| name | comments:audit |
| description | Audit code comments for AI slop: restatement, narration/decision-log, self-praise, docstring-scope, and section-divider banners. Audits a diff (the comments a change introduced) or a whole repo, ranks by intrinsic complexity, fans out judging agents, and applies the trims to a fresh branch. Use when reviewing a branch or merge request, or sweeping a slop-heavy codebase. |
| argument-hint | [--all] [--base <ref>] [--mr <iid>] [--path <glob>] [--sort <key>] [--limit <n>] [--report] [--fix] |
| disable-model-invocation | true |
| allowed-tools | ["Bash","Read","Workflow"] |
Comments Audit
Find low-value comments and act on them. A deterministic Shiki pass extracts
comments over TextMate grammars, the scope selects which to judge, a fan-out of
Claude Code agents judges each against the owner's comment model, and a
deterministic applier writes the changes to a branch. The judge returns one of
three actions per comment: keep (it earns its place), trim (it carries no
fact, delete or shorten it), or rewrite (it carries a real fact under AI voice,
strip the voice and keep the fact). A comment earns its place when it adds
information not readily available in the adjacent code. See
judge/prompt.md for the full model and carve-outs.
The pipeline is three steps: preflight (extract, rank, build the job), the
Workflow tool (judge), and apply (write the trims or report them).
Scope and Flags
Two scopes run the same pipeline. The flags select scope and narrow it:
- Default,
--base <ref>, --mr <iid>: diff scope. Judges the comments a change
introduced. Default is the working tree (staged plus unstaged). --base main
is the merge-base with a ref. --mr <iid> is a GitLab merge request over glab.
--all: repo scope. Judges every tracked code file's comments.
--path <glob>: narrow either scope to matching paths. Repeatable. Prefer it on
a first --all run on a large repo to cap the agent count.
--sort lines|chars|score (default score): rank by intrinsic comment
complexity so the longest, densest comments judge first.
--limit <n>: keep only the top N ranked comments.
Both scopes exempt machine-meaningful comments deterministically: lint and
compiler directives (eslint-disable, noqa, go:generate), shebang lines,
and license headers never reach the judge.
--fix: ask the judge for a concrete suggestion per finding.
--report: at apply time, print findings instead of writing a branch.
Preflight
Run from the repository you are auditing (the script resolves the git root
itself, so stay in the target repo rather than cd-ing into the plugin):
bun <plugin-dir>/skills/audit/scripts/audit.ts preflight $ARGUMENTS
This extracts and ranks the comments, builds the judging job on disk, and prints
a human summary (N comments / M files / ~K agents / ~T tokens) followed by a
machine block:
<preflight>
{"scriptPath": "...", "argsPath": "...", "jobDir": "...", "count": N, "shardCount": K}
</preflight>
Read the <preflight> block. Present the count, file count, and rough token
estimate to the user. Wait for the user to confirm before fanning out. Nothing
runs until they do.

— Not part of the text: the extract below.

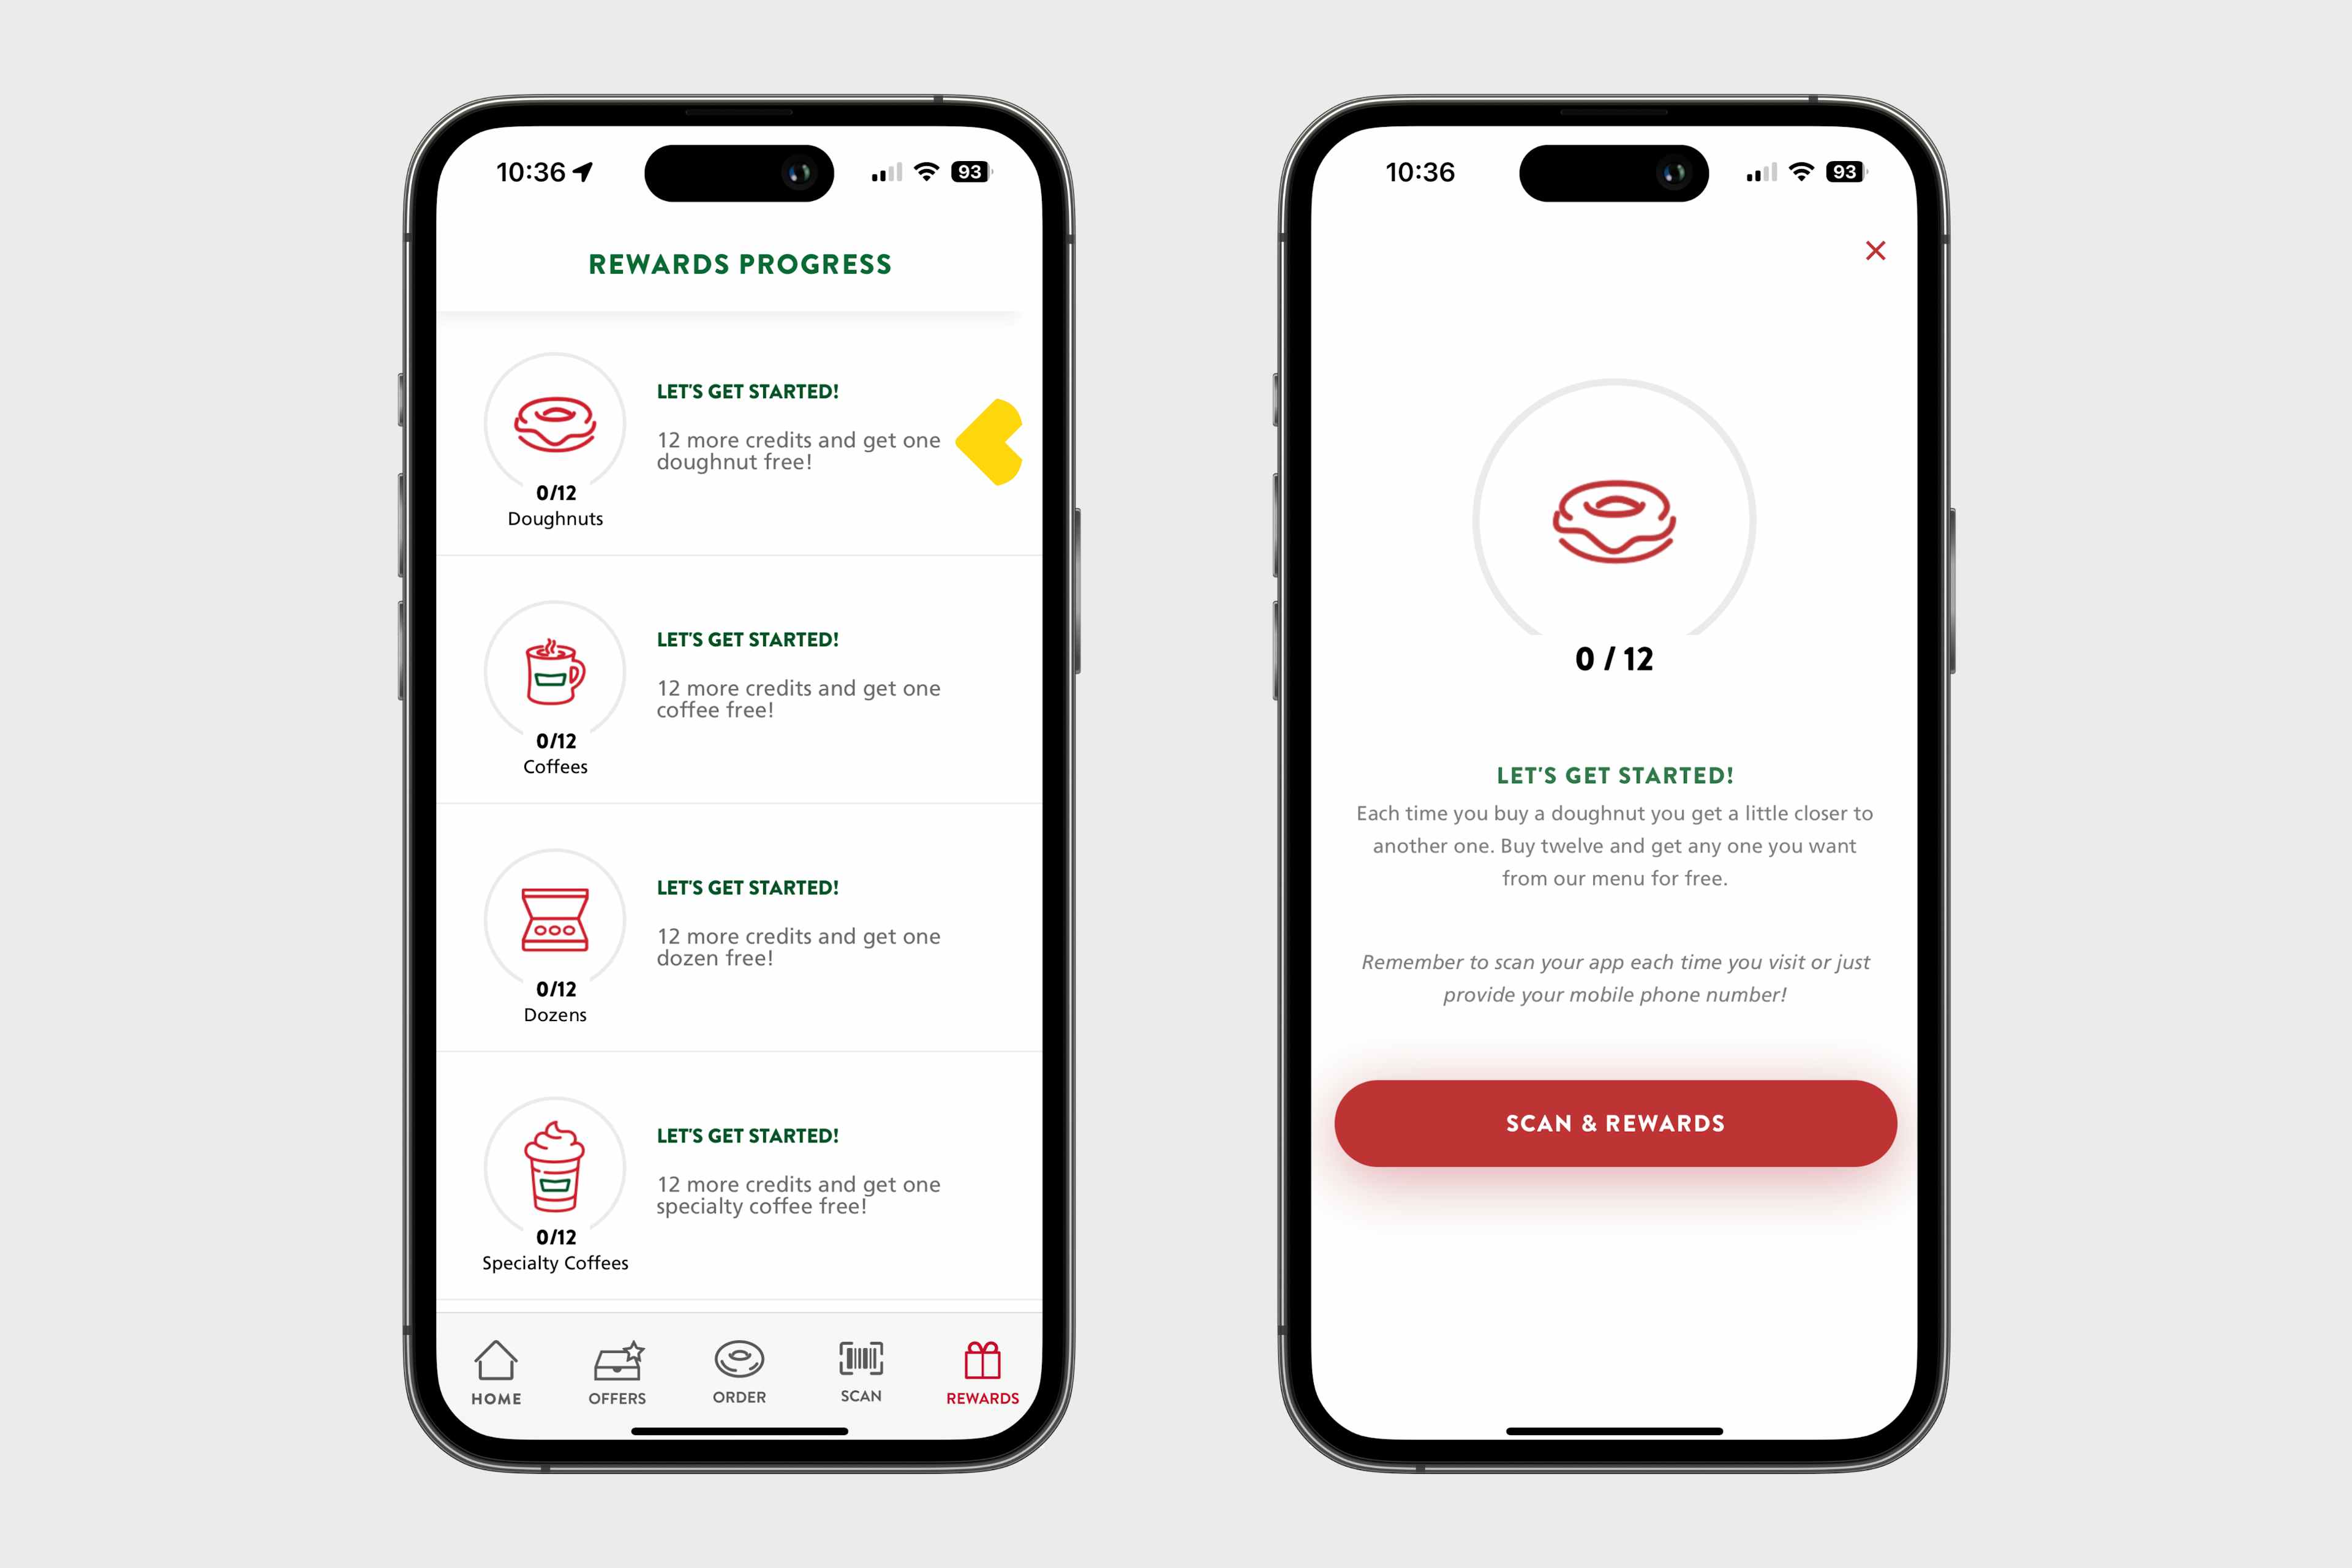 two phones showing krispy kreme reward offers on their app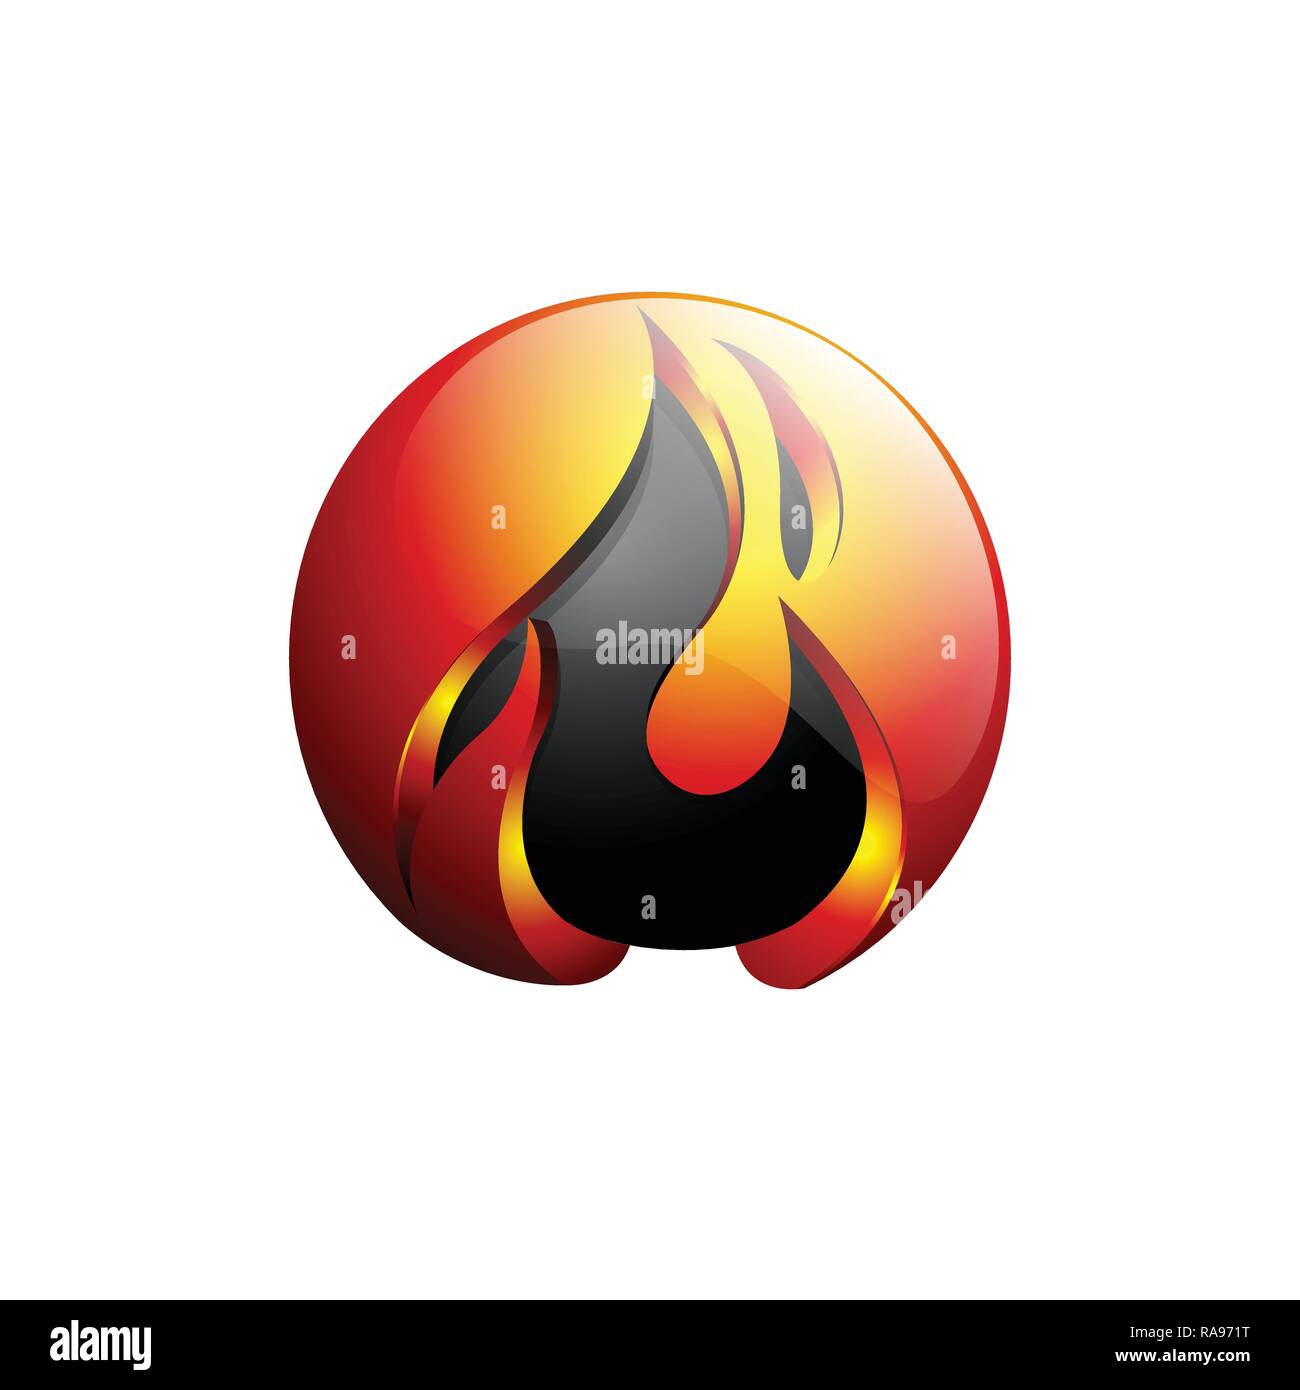 Konzept Design Flamme Feuer Ball logo Vorlage in Orange und Grau-Vektor Stock Vektor

A 5,000-comment repo is roughly 250 agents; --path and
--limit cap that.
--all requires a clean working tree, because it reads the working tree but
applies from HEAD. Commit or stash first if preflight reports a dirty tree.
Judge
On confirmation, read argsPath (it is JSON) and call the Workflow tool with the
scriptPath from the preflight block and args set to the parsed contents of
argsPath:
Workflow({ scriptPath: <scriptPath>, args: <parsed job-args.json> })
Each agent reads one shard, judges its comments, and writes verdicts to disk. The
workflow logs a small summary (shard count and how many were flagged). The bulk
verdicts stay on disk, off the conversation, for apply to read.
Apply
bun <plugin-dir>/skills/audit/scripts/audit.ts apply --job <jobDir> [--report] [--fix]
Default apply re-extracts the judged files and matches verdicts to comments by
id at their current position, applies the trims and rewrites, and commits to a
fresh comments/audit-<hash> branch off HEAD. The commit is built with git
plumbing, so the working tree is never modified and the current branch stays
checked out. A rewrite replaces the comment span in place with the de-voiced
text, so the diff shows the cleaned comment. A comment that moved or changed
since preflight gets a new id, matches no verdict, and is skipped. Review the
result with git diff HEAD..comments/audit-<hash>. Apply requires a clean
working tree.
--report prints the findings grouped by file (path:line action category confidence rationale, with an old → new preview for each rewrite) and writes
nothing. Use it to review before applying, or on a dirty tree. Comments the
applier cannot change safely (a comment interleaved with code, a trim that would
break a block delimiter) are left in place and listed for manual handling.